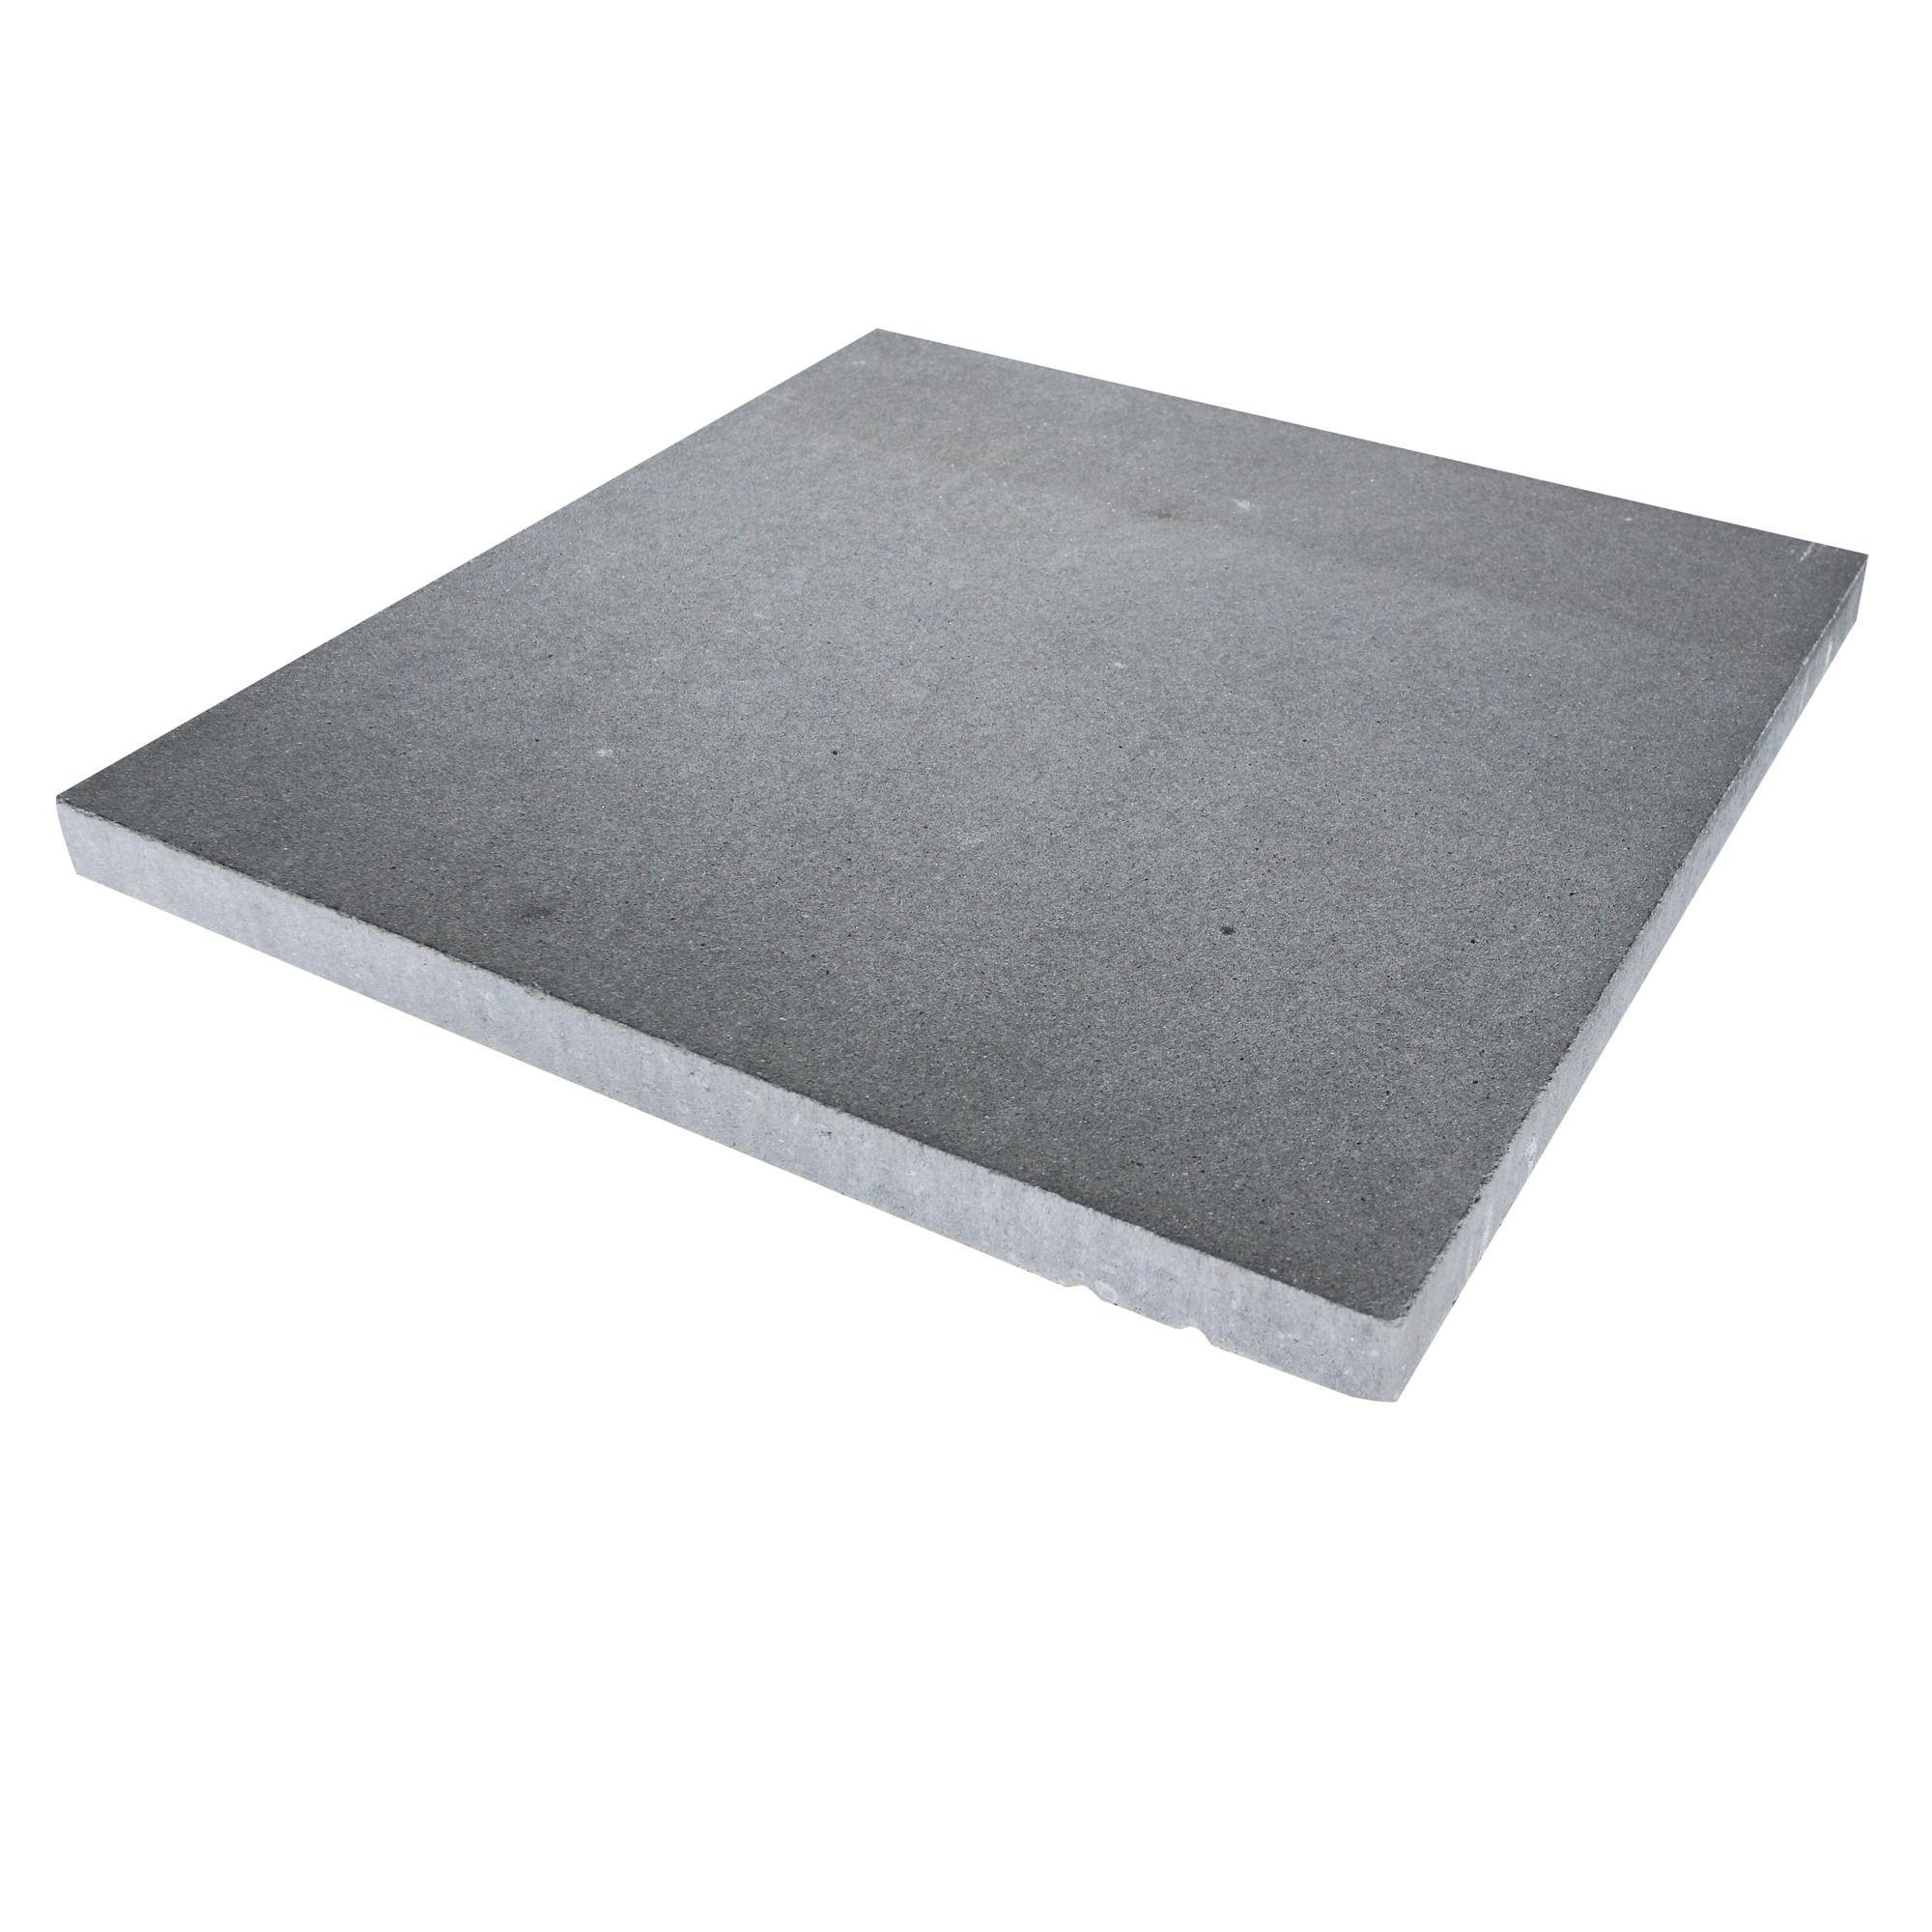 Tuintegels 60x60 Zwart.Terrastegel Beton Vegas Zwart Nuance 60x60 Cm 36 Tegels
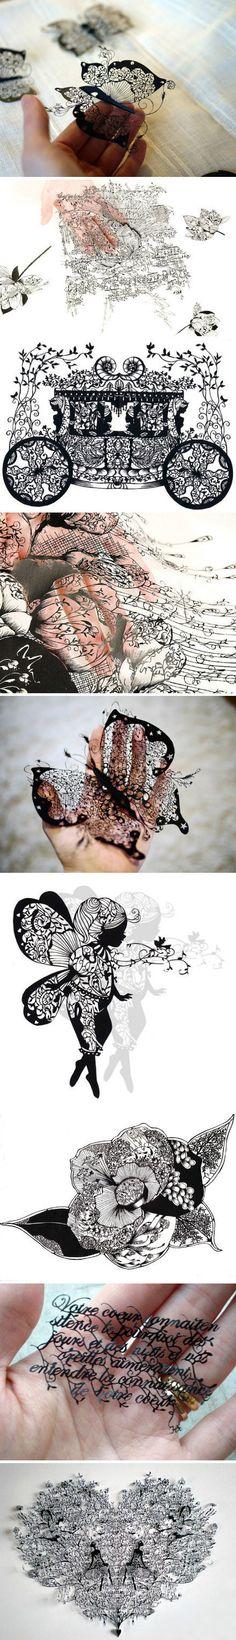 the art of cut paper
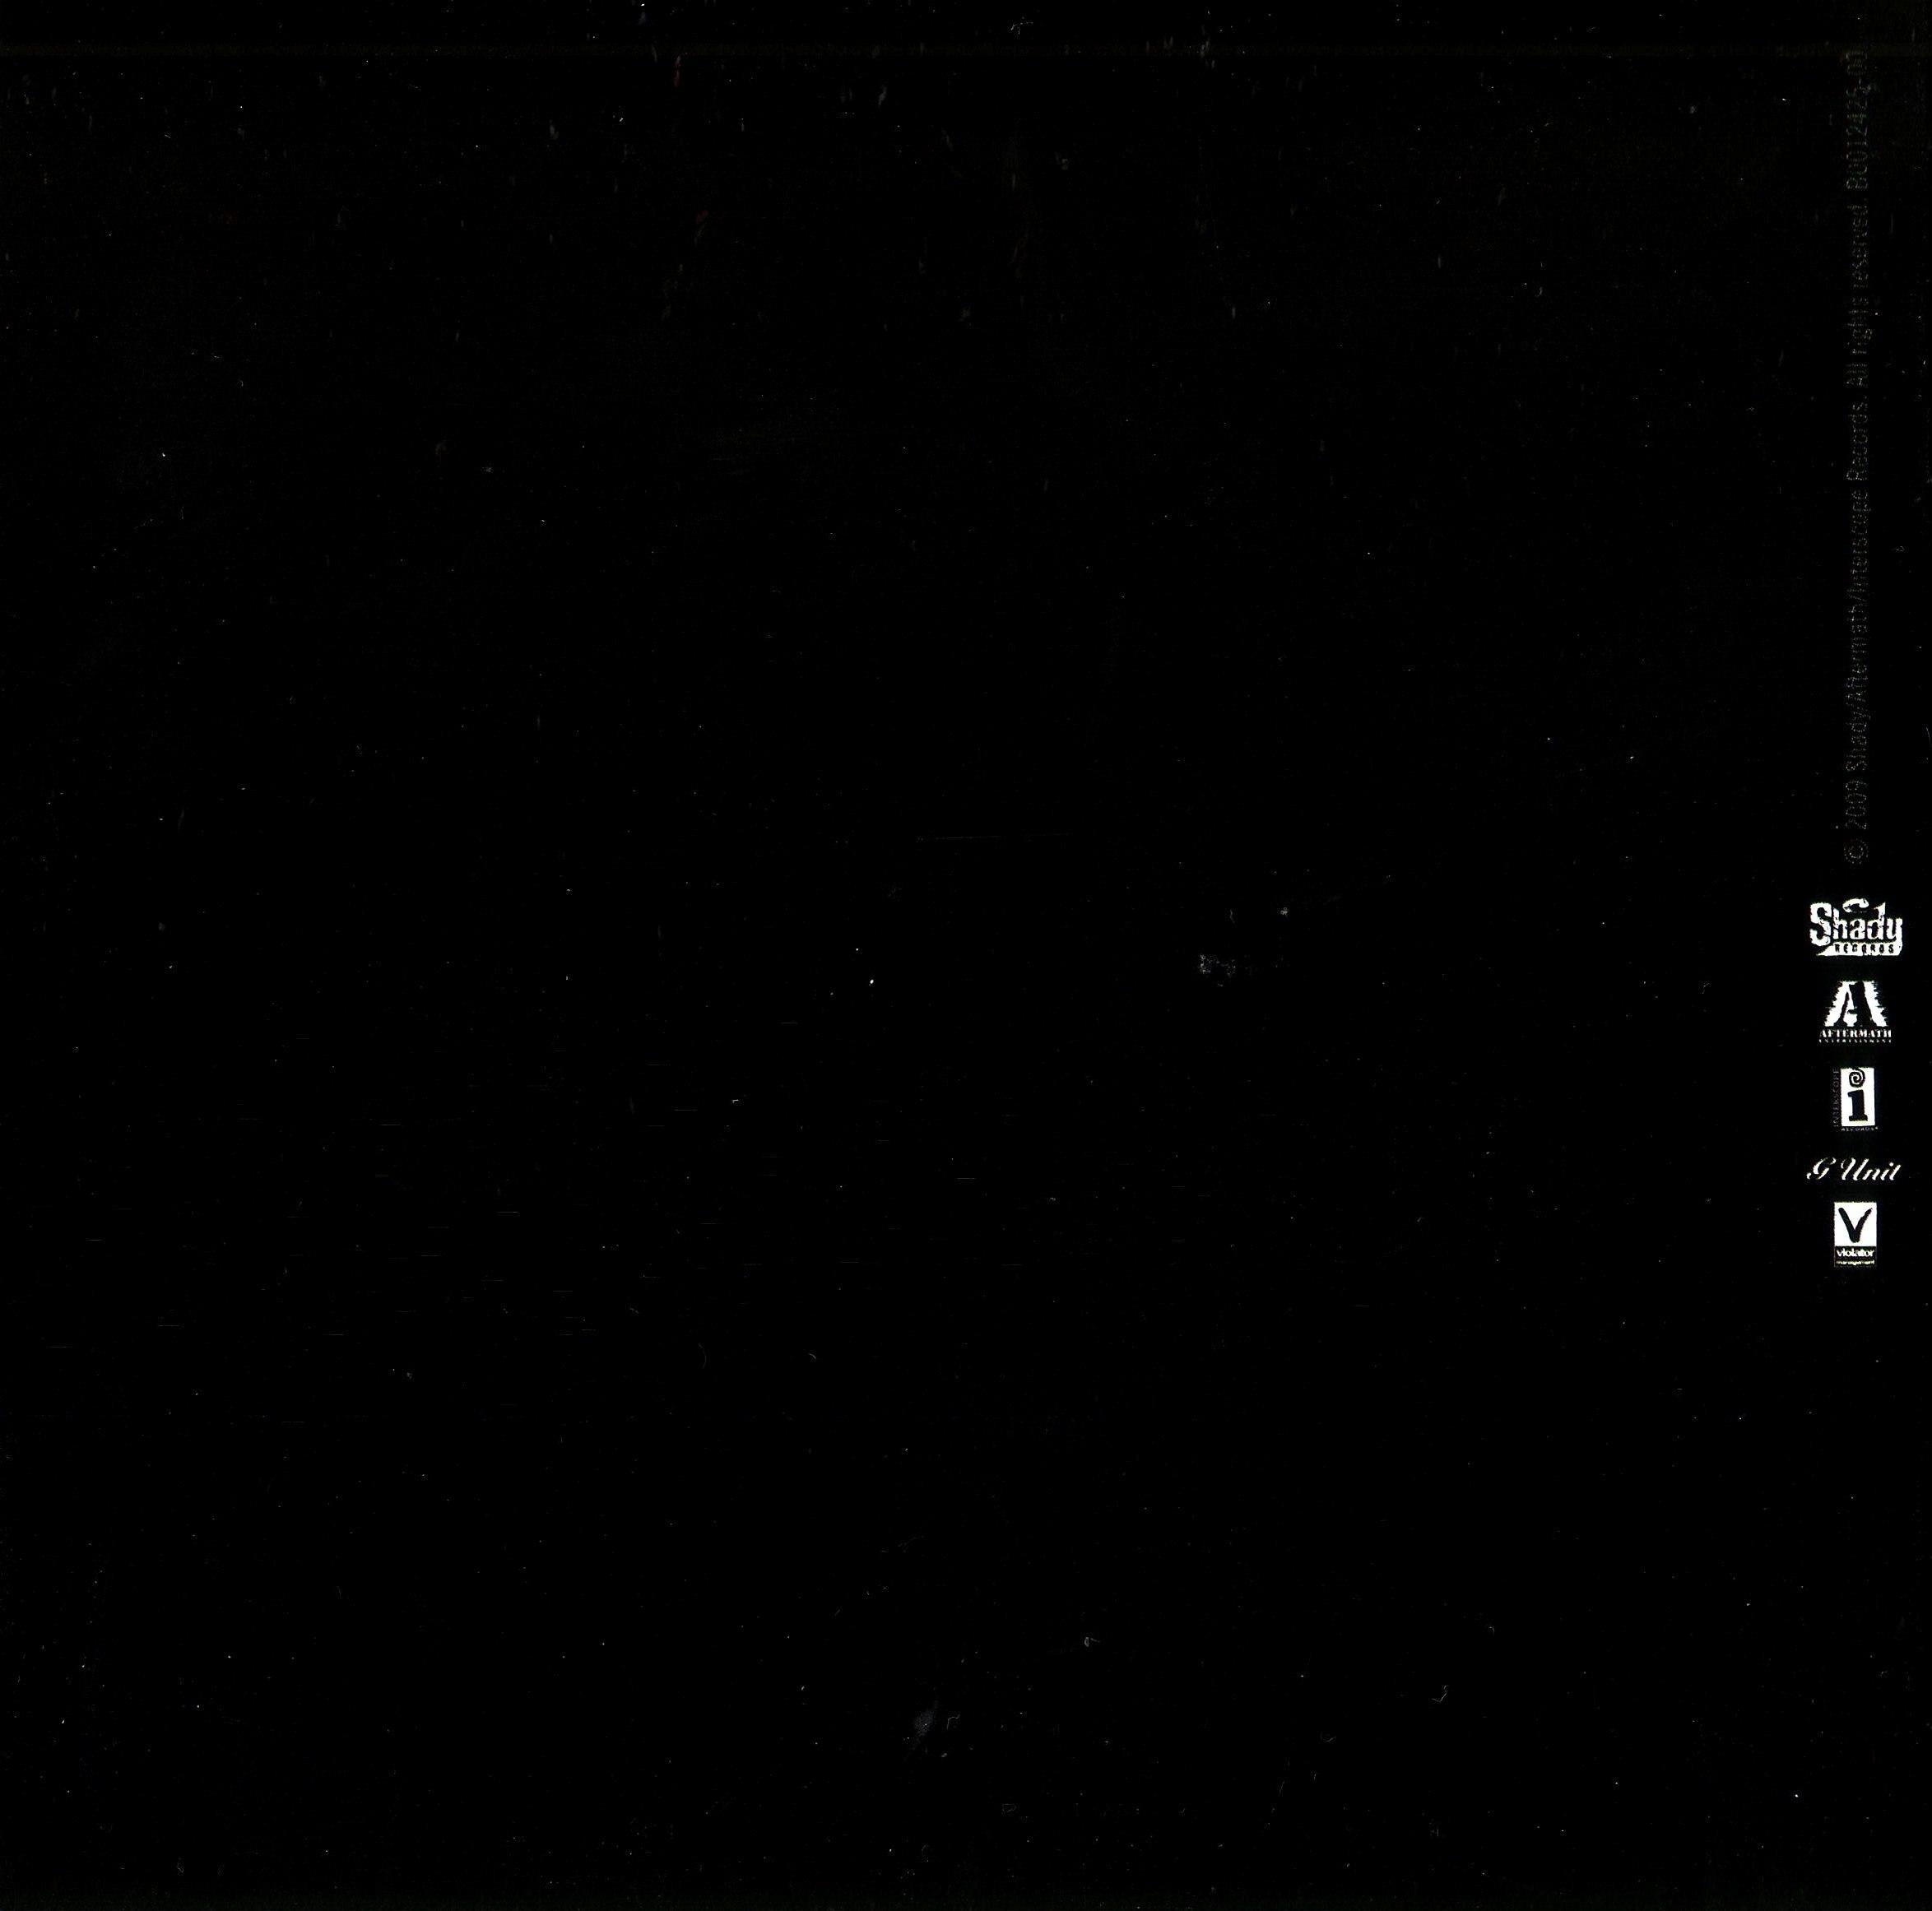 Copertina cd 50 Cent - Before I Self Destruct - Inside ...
..........
Would you copy all of the data exactly? Keep the pictures out of it.

 Tuintegels 60x60 Zwart.Terrastegel Beton Vegas Zwart Nuance 60x60 Cm 36 Tegels
 the art of cut paper
 Copertina cd 50 Cent - Before I Self Destruct - Inside ...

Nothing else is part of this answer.